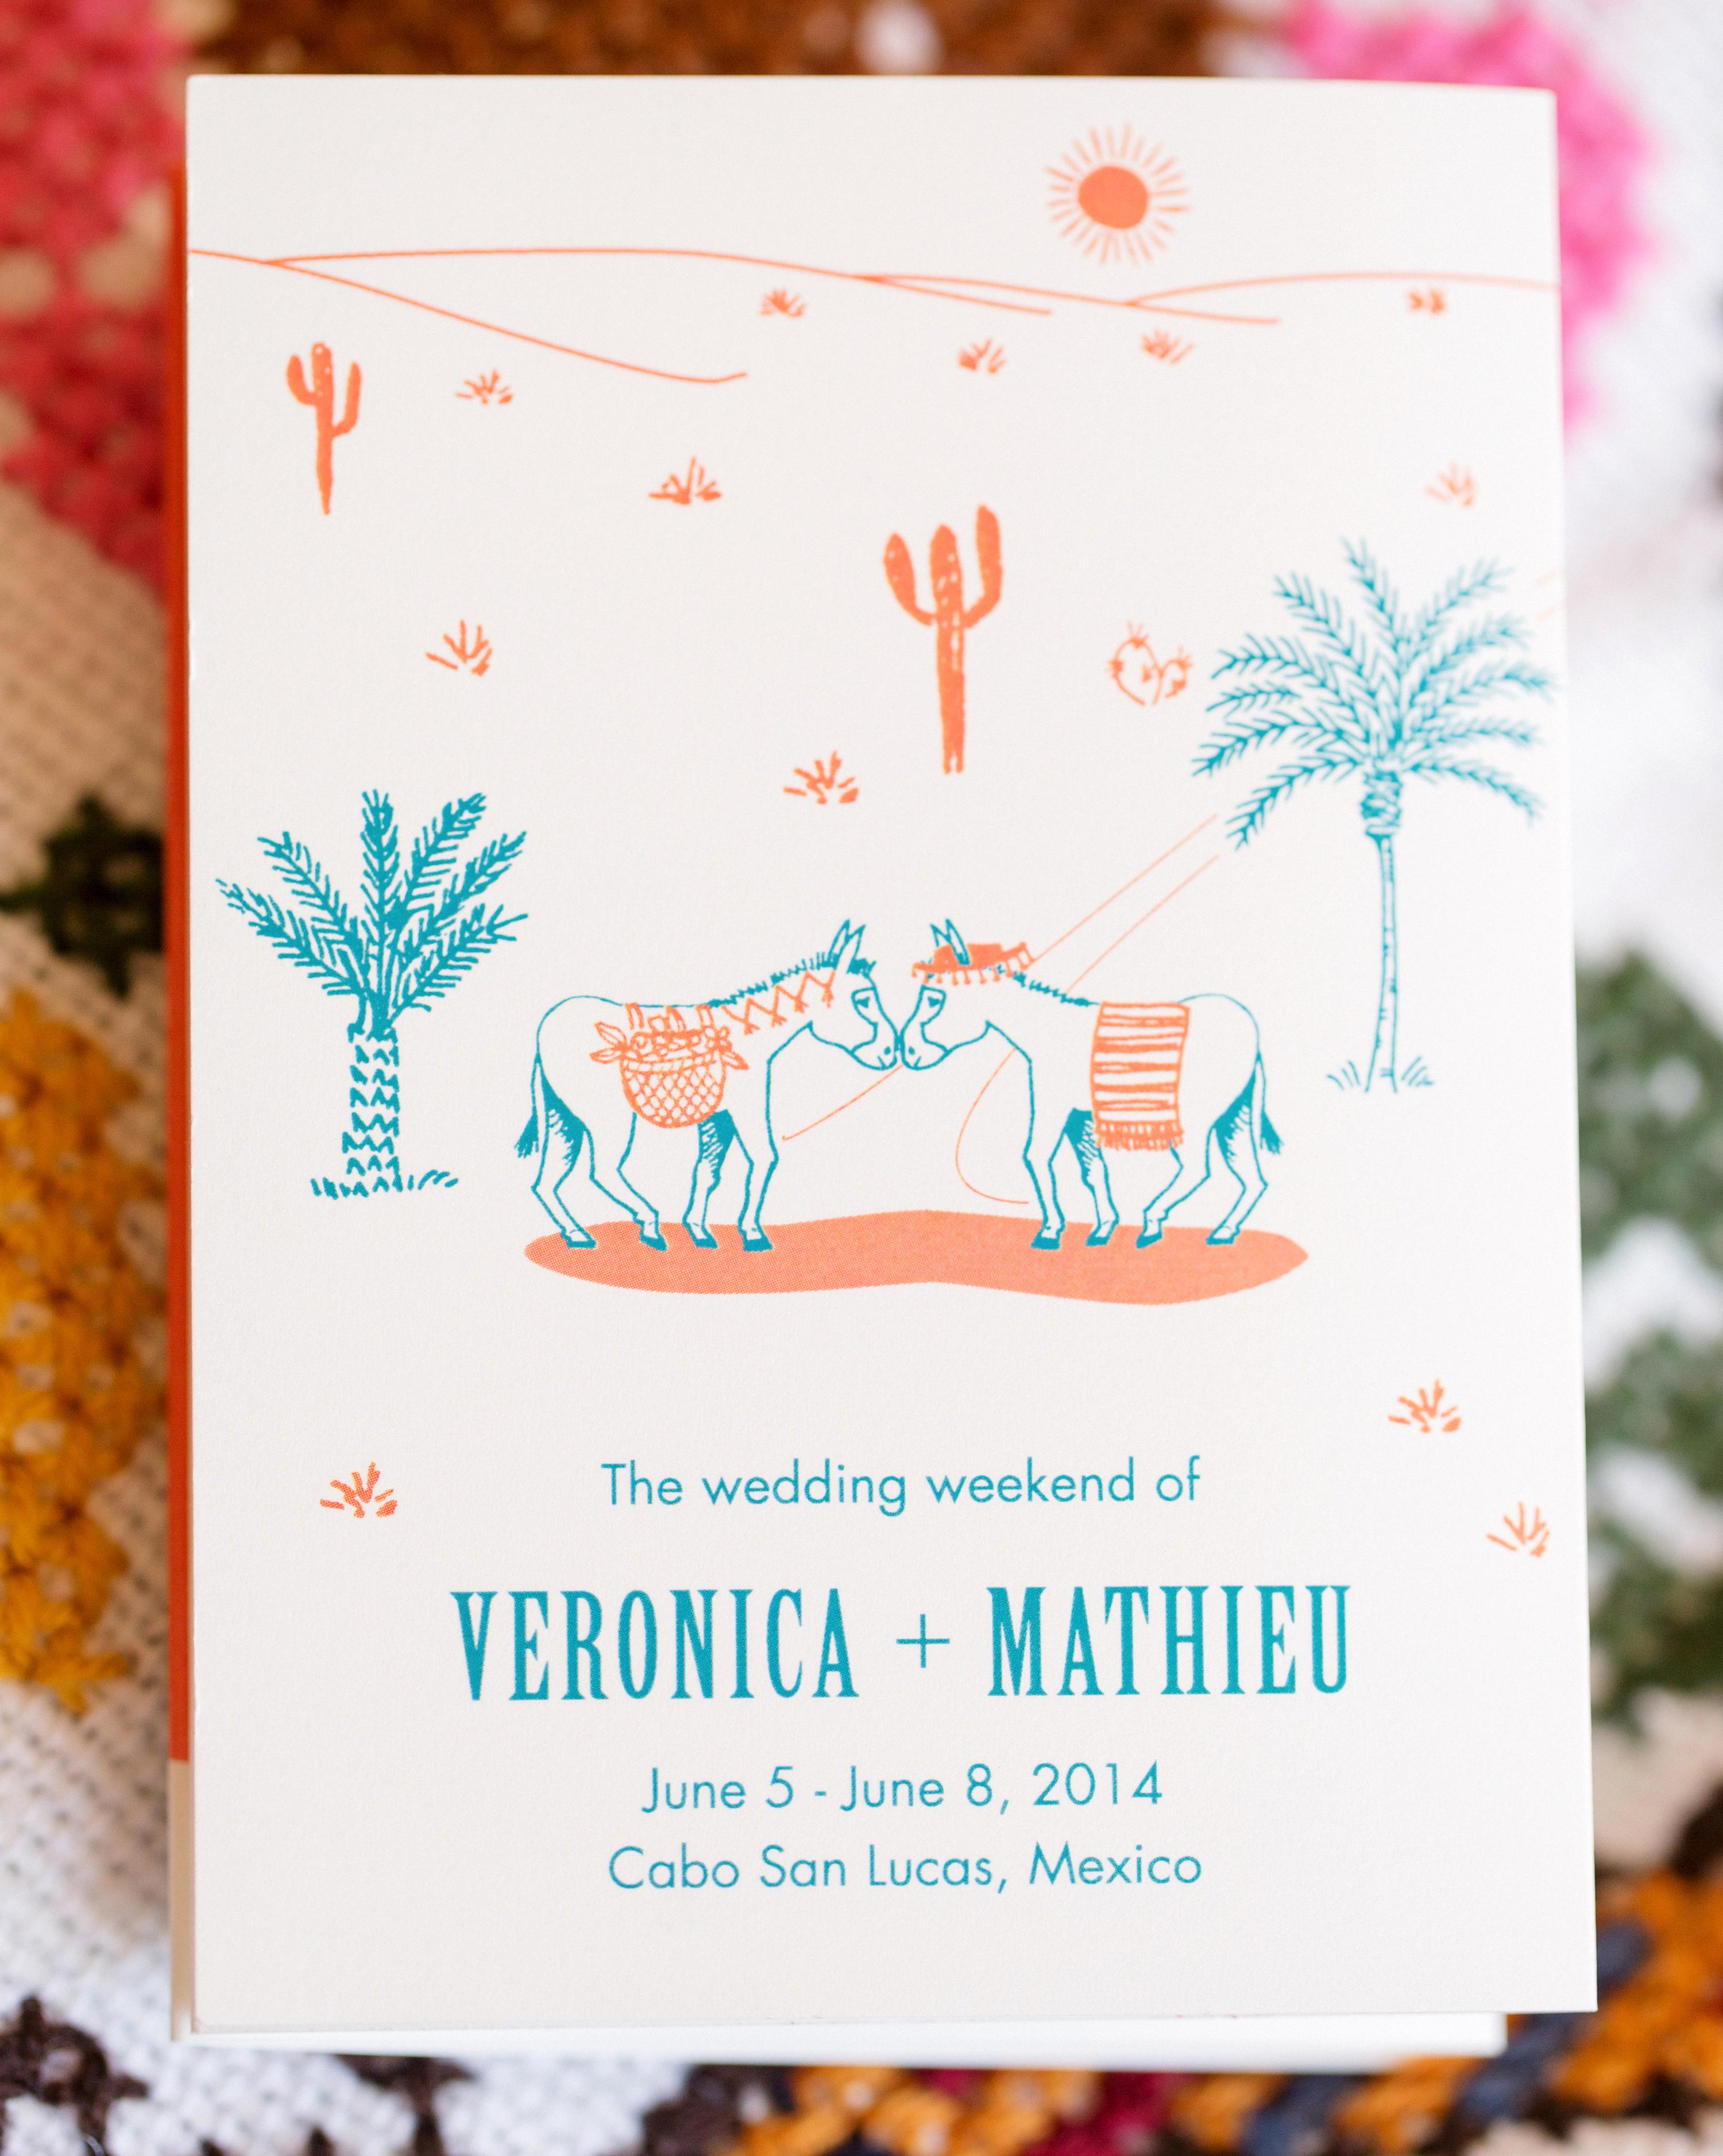 veronica-mathieu-wedding-invite-0626-s111501-1014.jpg
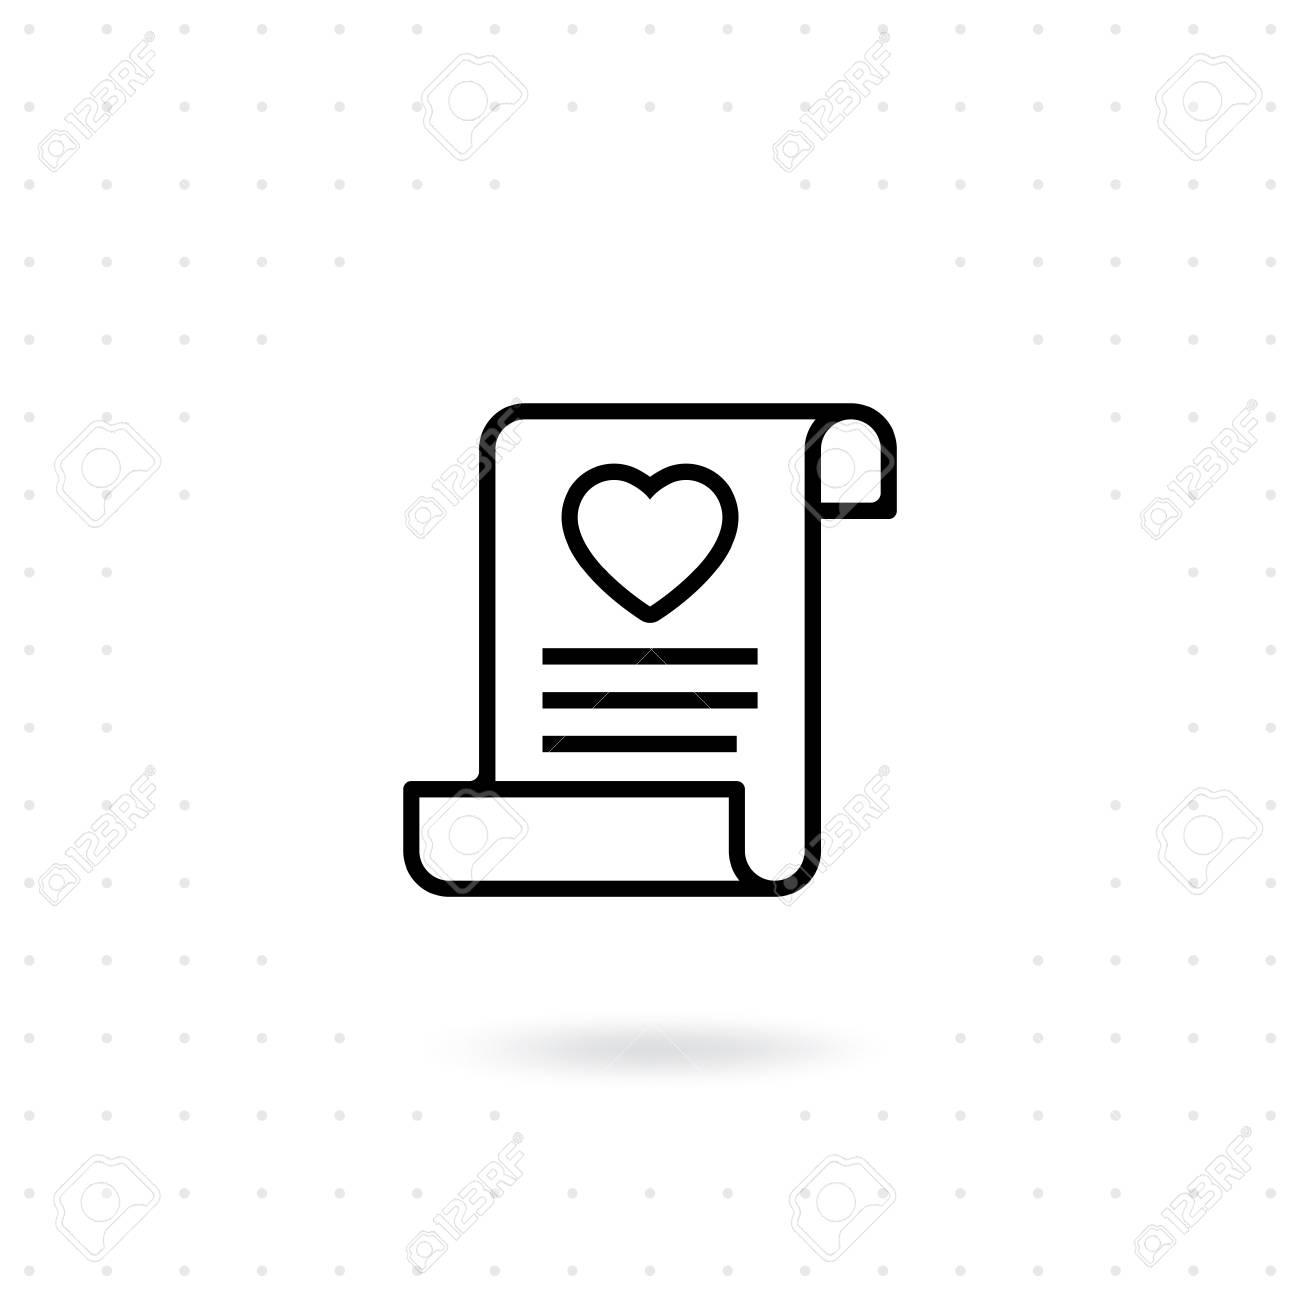 Love invitation icon love letter icon in line style vector love invitation icon love letter icon in line style vector valentines day symbol for stopboris Image collections
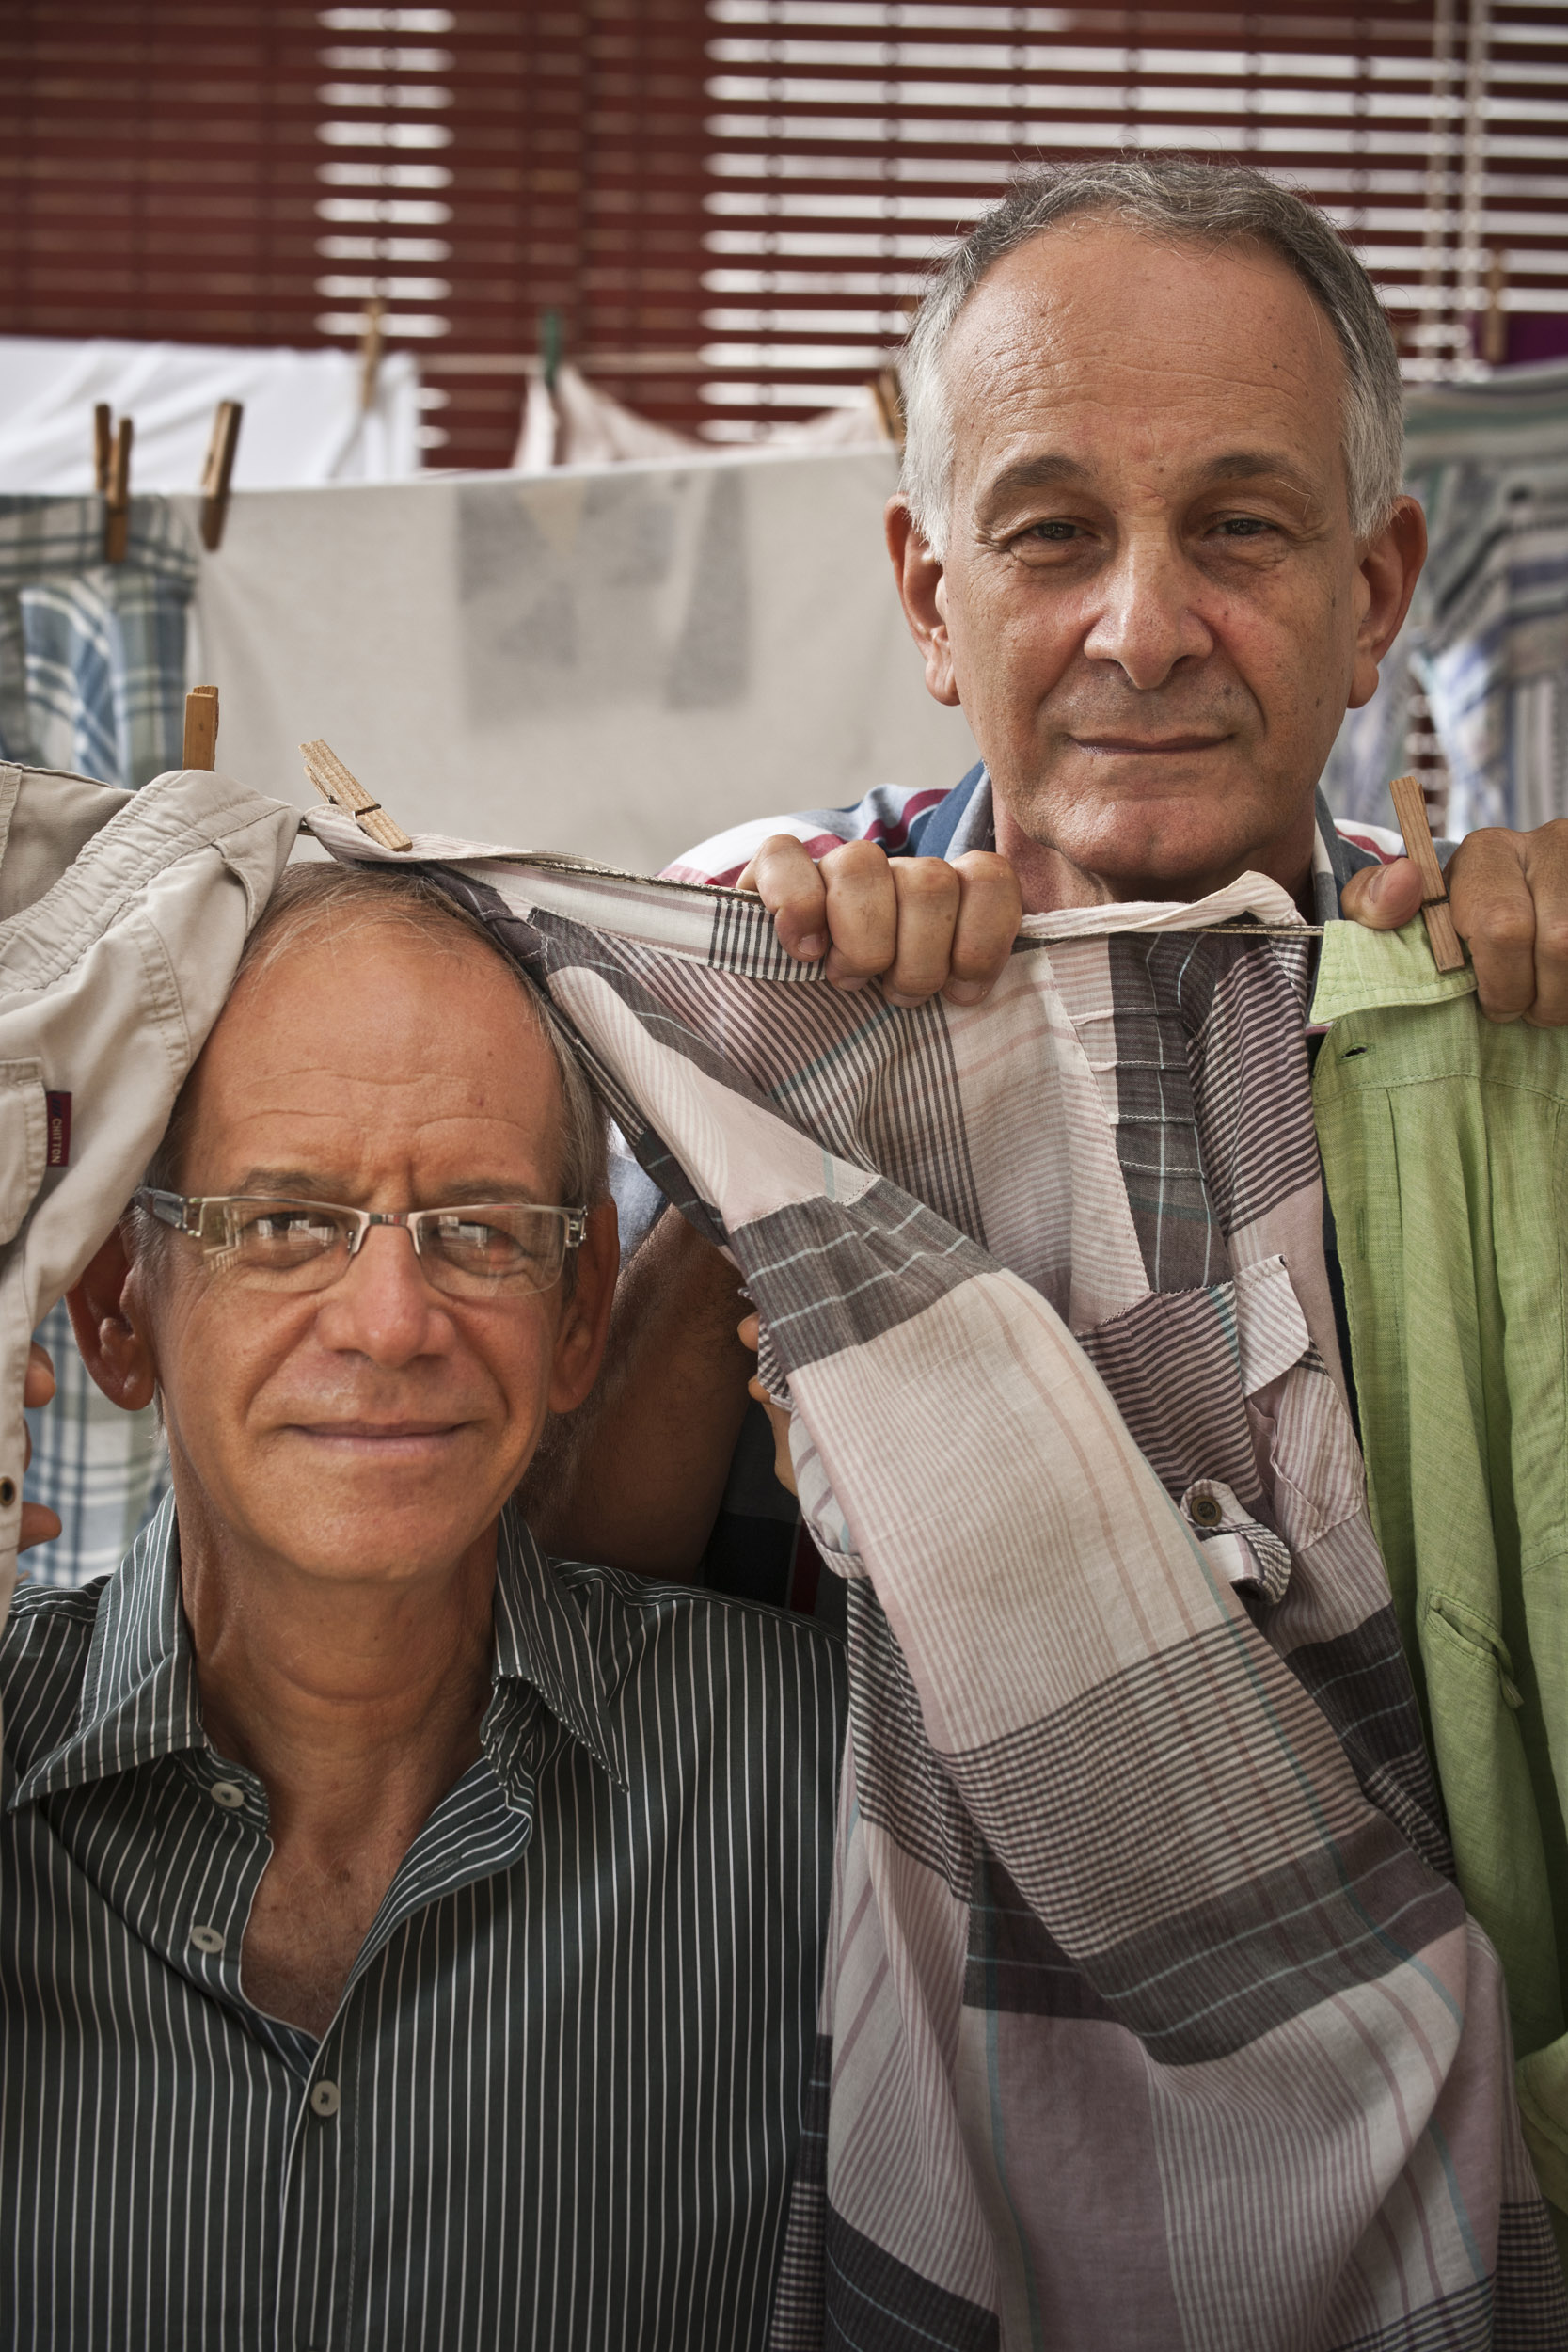 Gerardo Chijona y Daniel Díaz-Torres, filmmakers - Illuminated Cuba - Hector Garrido, Aerial and human photography
====
Retype the whole of the data verbatim. Skip every picture.

 veronica-mathieu-wedding-invite-0626-s111501-1014.jpg
 Love invitation icon love letter icon in line style vector love invitation icon love letter icon in line style vector valentines day symbol for stopboris Image collections
 Gerardo Chijona y Daniel Díaz-Torres, filmmakers - Illuminated Cuba - Hector Garrido, Aerial and human photography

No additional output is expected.